И то сказать, предложение было не из самых умных. Макстед обожал дежурства.
– Ну так, позволь сказать тебе, что ты подлый подонок, и я от души надеюсь, что рано или поздно тебя уличат.
– Уличат? Что значит «уличат»?
– Хе-хе! – произнес Эйдриан, прекрасно знавший, что каждый человек на свете живет, опасаясь разоблачения.
Однако сдвинуть Макстеда с мертвой точки ему так и не удалось, и это было досадно, поскольку Макстед с его брюшком и лиловатой физиономией выглядел бы в шортах и школьной шапочке просто роскошно. Возможно, Эйдриану придется самому играть племянника Бевинды. Не лучший выбор актера: по возрасту Эйдриан все еще был ближе к мальчикам, чем к любому из преподавателей.
Впрочем, это была проблема уютная – в совершенстве подходящая для того, чтобы ее обдумывал мужчина в твидовой куртке, сидящий с хорошей вересковой трубкой в зубах, стаканом «Гленфиддиша» у локтя и метелью за окном в освещенной камином комнате. Чистенькая проблема для чистого человека с чистыми мыслями посреди чистой природы.
Эйдриан потер пальцами еле приметную щетину на подбородке и погрузился в размышления.
Все кончено. Все неистовство стихло, желания иссякли, жажда утолена, безумие отошло в прошлое.

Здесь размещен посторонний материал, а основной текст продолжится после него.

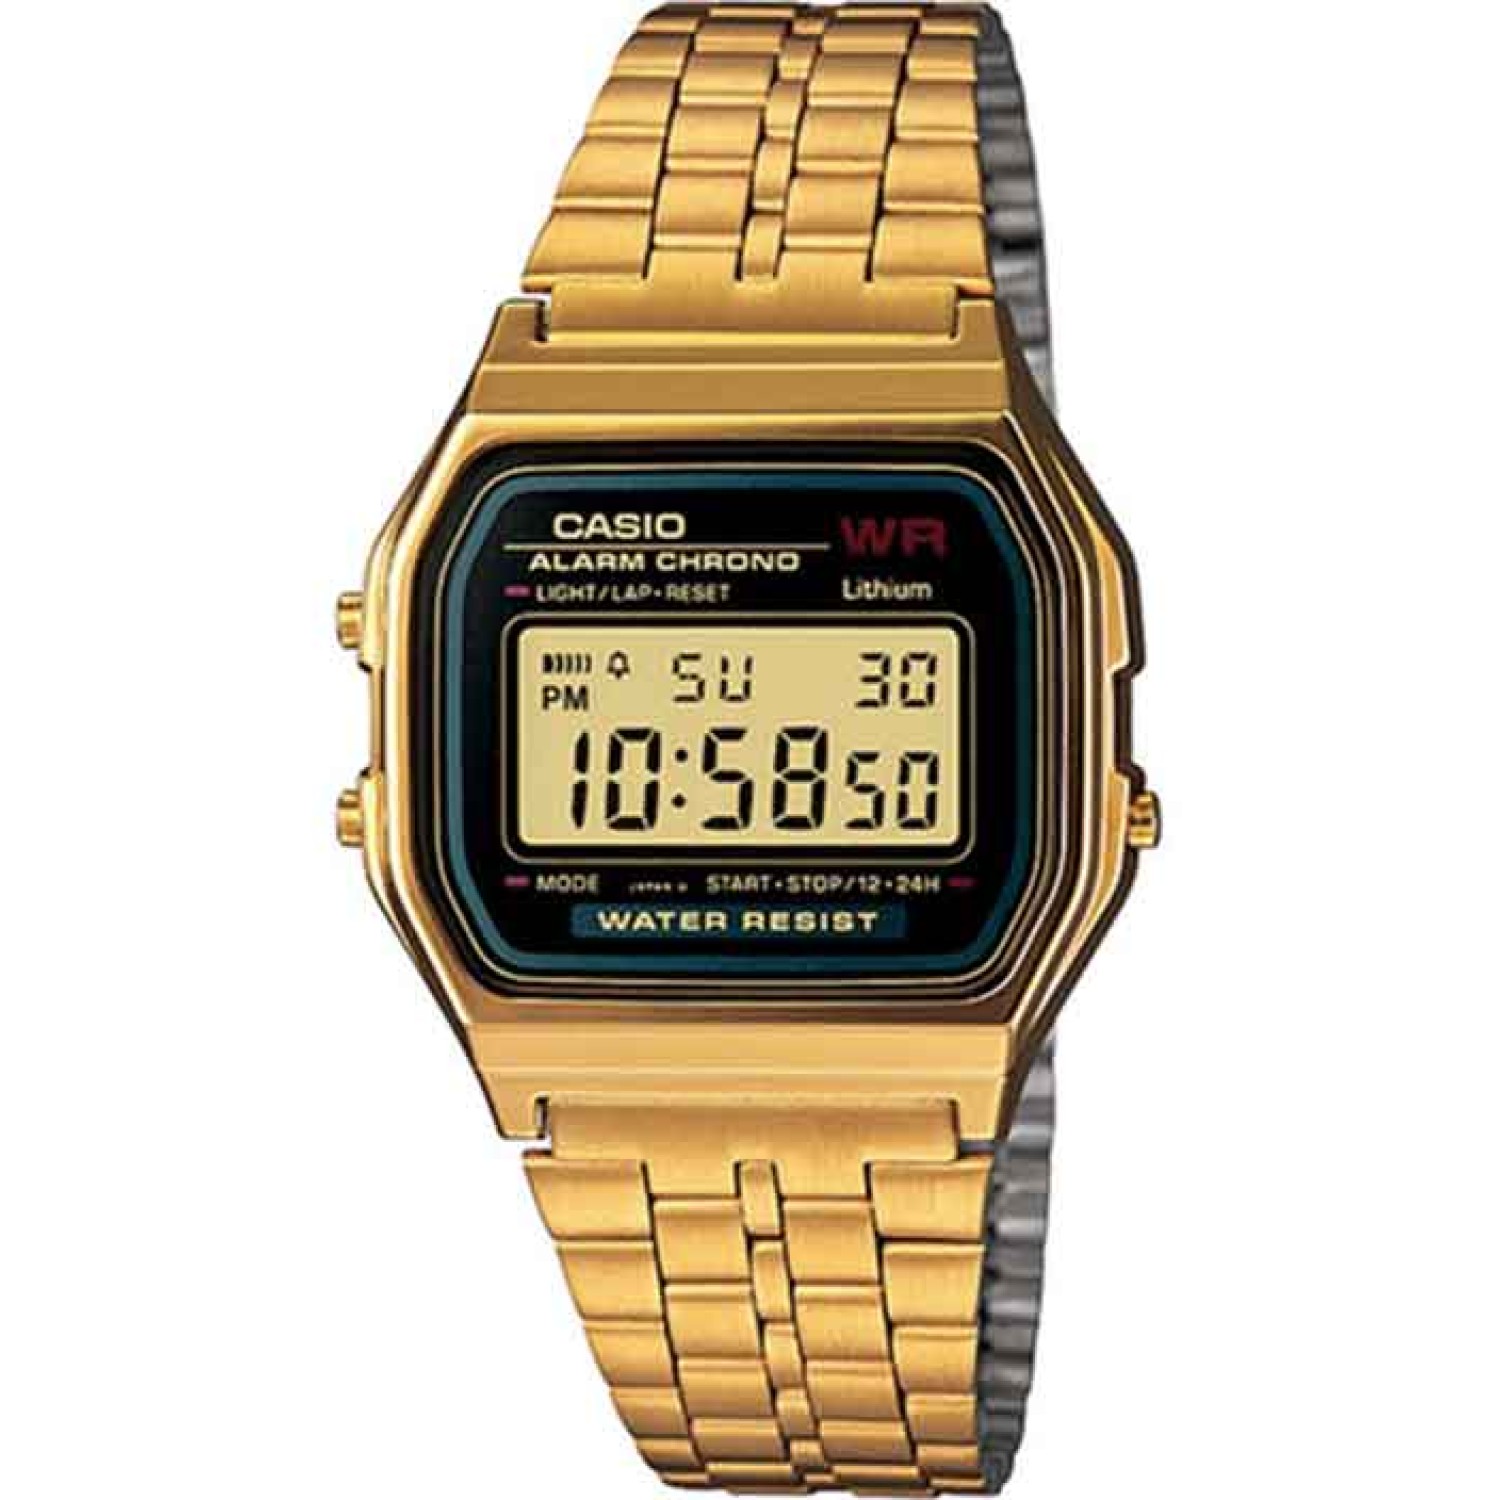 Watch  Casio Alarm Chronograph  A159WGEA-1D. Straight from the Casio Vintage Collection comes a timepiece that never goes out of style. The A159WGEA-1 combines style with features Casio is known for such as an LED light and a 1/100th second stopwatch. Thi

В следующем триместре будет крикет, тренерство и судейство, преподавание юношам науки обращения с мячом, чтение им же Браунинга и Хини – на лужайке, когда палит солнце и слишком жарко, чтобы проводить уроки под крышей. А остаток лета он проведет, копаясь в Мильтоне, Прусте и Толстом, дабы в октябре оказаться в Кембридже, где он, подобно Кранмеру
[123]
– только с велосипедом вместо коня, – найдет занятье для ума и бедер. Несколько пристойных друзей, не слишком близких.
– Какого вы мнения об этом малом из вашего колледжа, а, Хили?

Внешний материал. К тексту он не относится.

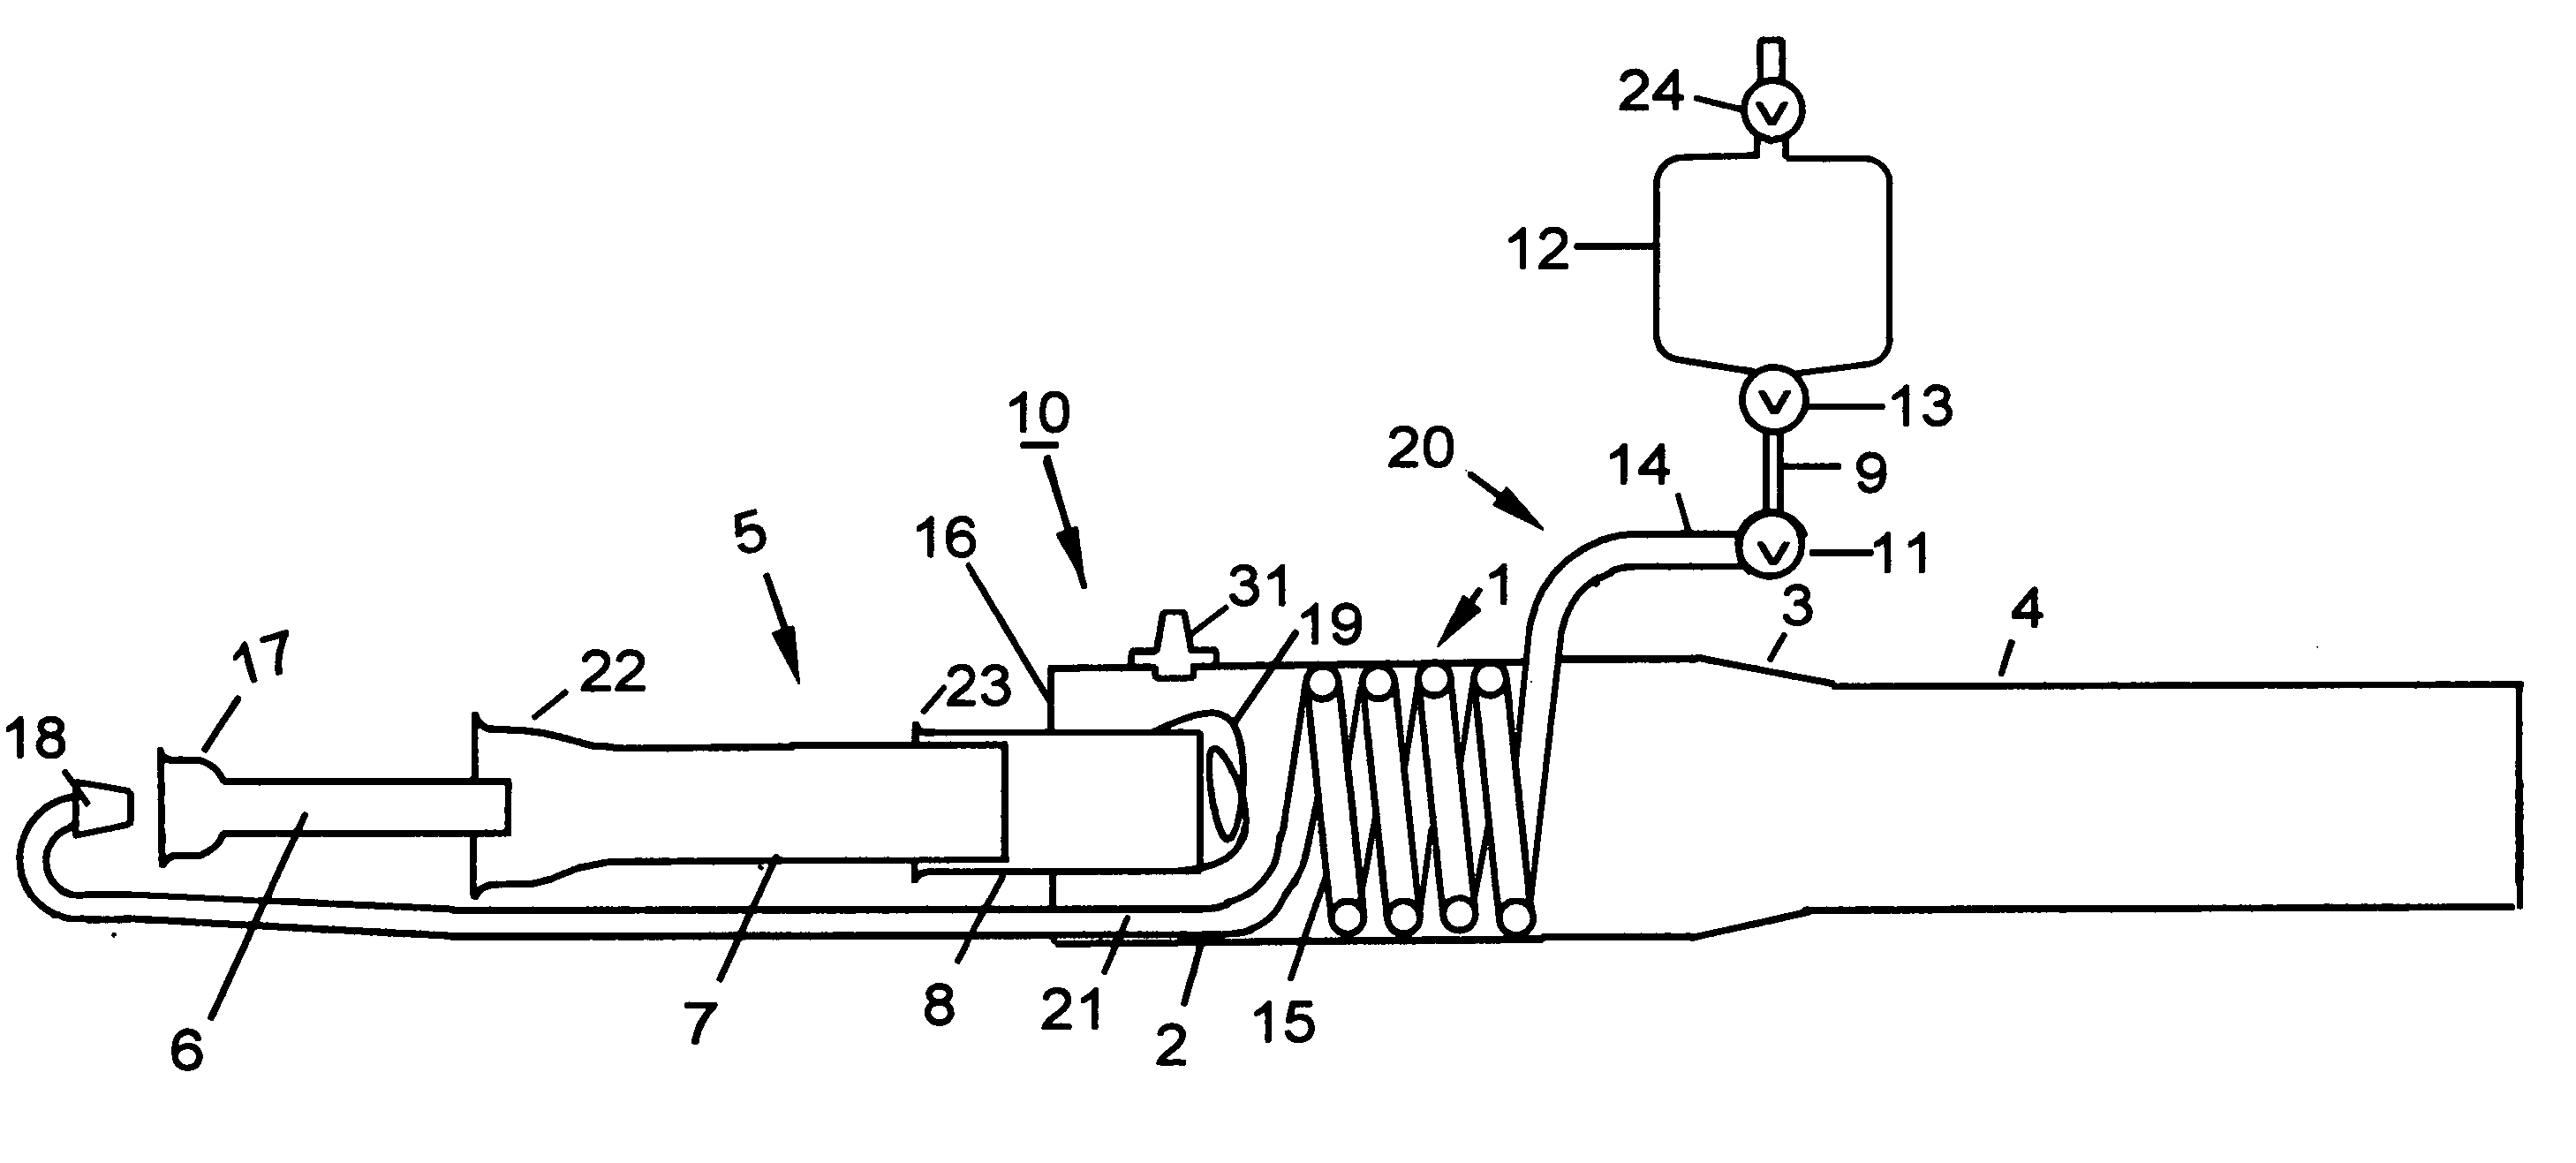 High static thrust valveless pulse-jet engine with forward-facing intake duct

– С ним трудно сойтись. Мне-то он нравится, но он так замкнут, так непроницаем.
– Он почему-то обособлен… почти невозмутим. Потом степень бакалавра и возвращение сюда или в другую школу, – может быть, даже в свою. Или же он останется в Кембридже… если получит отличие первого класса.
Все кончено.
Разумеется, он и на миг себе не поверил.
Эйдриан глянул на свое отражение в оконном стекле.
– Пытаться одурачить меня бессмысленно, Хили, – сказал он, – Эйдриану всегда известно, когда Эйдриан врет.

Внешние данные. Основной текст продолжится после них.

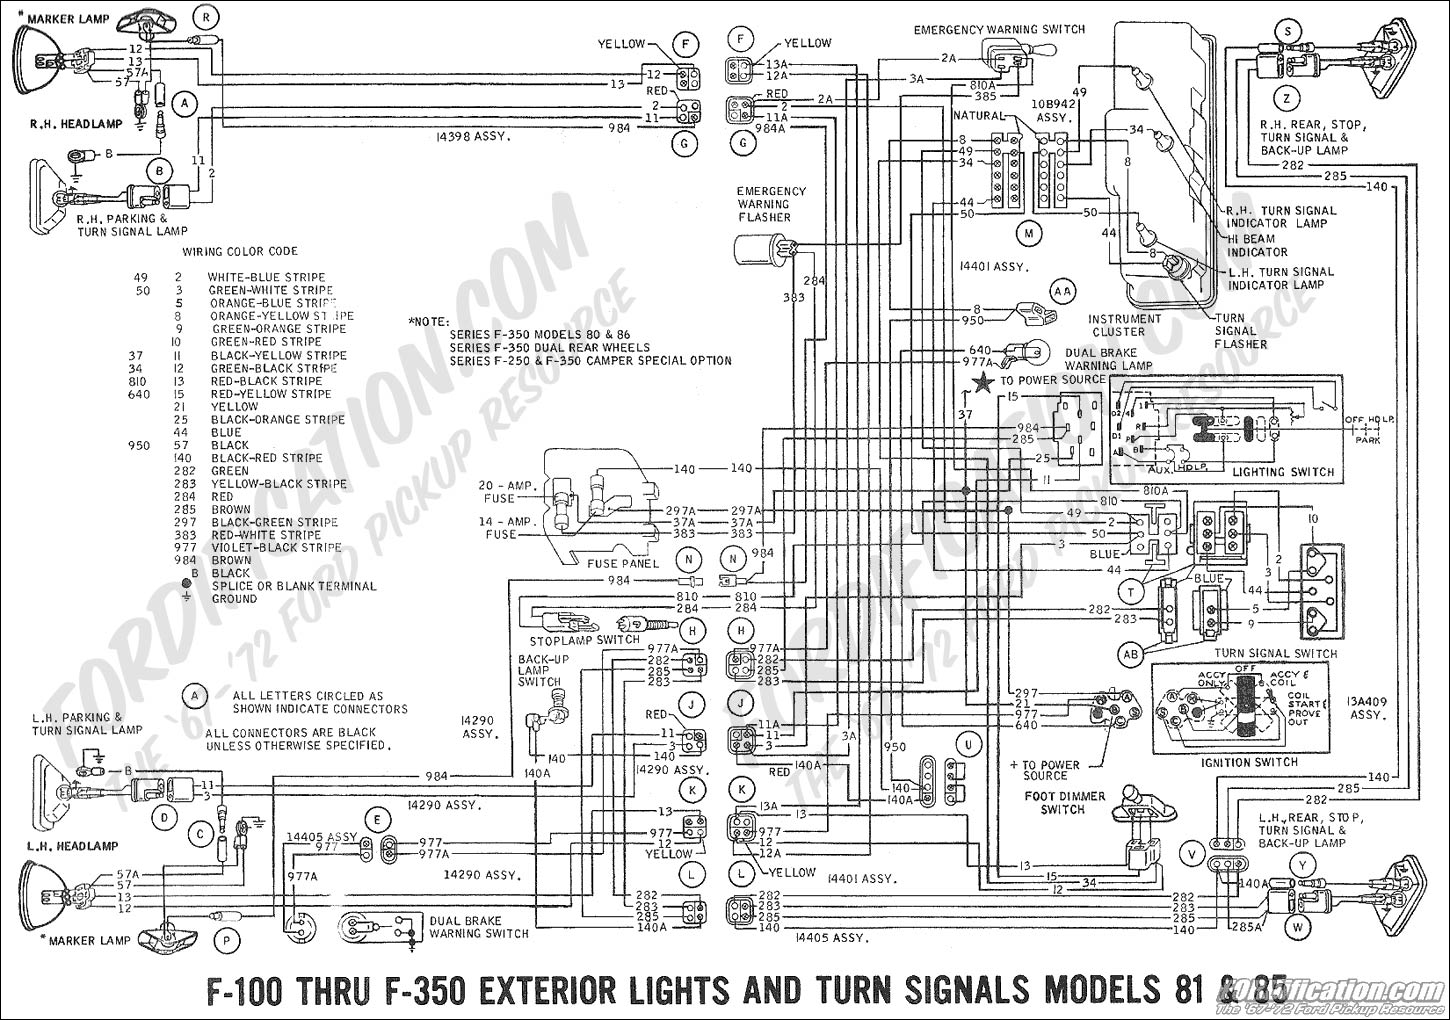 1996 Ford F250 Tail Light Wiring Diagram from www.fordification.com

Но Эйдриан знал и то, что любая ложь Эйдриана реальна: каждая из них жила, чувствовала и действовала так же полно, как правда другого человека – если за другими числятся какие-либо правды, – и Эйдриан верил, что, быть может, эта, последняя ложь останется с ним до могилы.
Он смотрел, как за стеклом подрастает нанос снега, а разум его, доехав подземкой до Пиккадилли, уже поднимался наверх по ступенькам станции.
Вот стоит Эрос, мальчик с натянутой для выстрела тетивой, а вот стоит Эйдриан, школьный учитель в твиде и диагонали, стоит, глядя на мальчика и неспешно покачивая головой.
– Ты, разумеется, знаешь, почему на Пиккадилли поставили Эроса, не так ли? – помнится, спросил он у шестнадцатилетнего отрока, в один июльский вечер разделившего с ним его постоянное место у стены «Лондон Павильона»
[124]
.
– В честь стрип-клуба «Эрос», так, что ли?
– Ну, довольно близко, однако, боюсь, я не вправе с тобой согласиться, так что придется нам рассмотреть этот вопрос подробнее. Эта статуя – часть общей дани графу Шафтсбери: благодарная нация почтила таким образом человека, уничтожившего детский труд. Альфред Гилберт, скульптор, поставил Эроса так, что он целился из лука вдоль Шафтсбери-авеню.
– Да? Ладно, хрен с ним, вон, видишь, там клиент, глазеет на тебя минут уже пять.
– Можешь взять его себе. Он слишком горазд щелкать зубами. Пусть поищет для обрезания кого-нибудь другого. Так вот, тут своего рода визуальный каламбур – Эрос, выпускающий стрелу вдоль по Шафтсбери-авеню. Понимаешь?
– Так, а чего ж он тогда целится в Нижнюю Риджент-стрит?
– Во время войны его сняли, немного почистили, а дураки, которые ставили его обратно, ни черта ни в чем не смыслили.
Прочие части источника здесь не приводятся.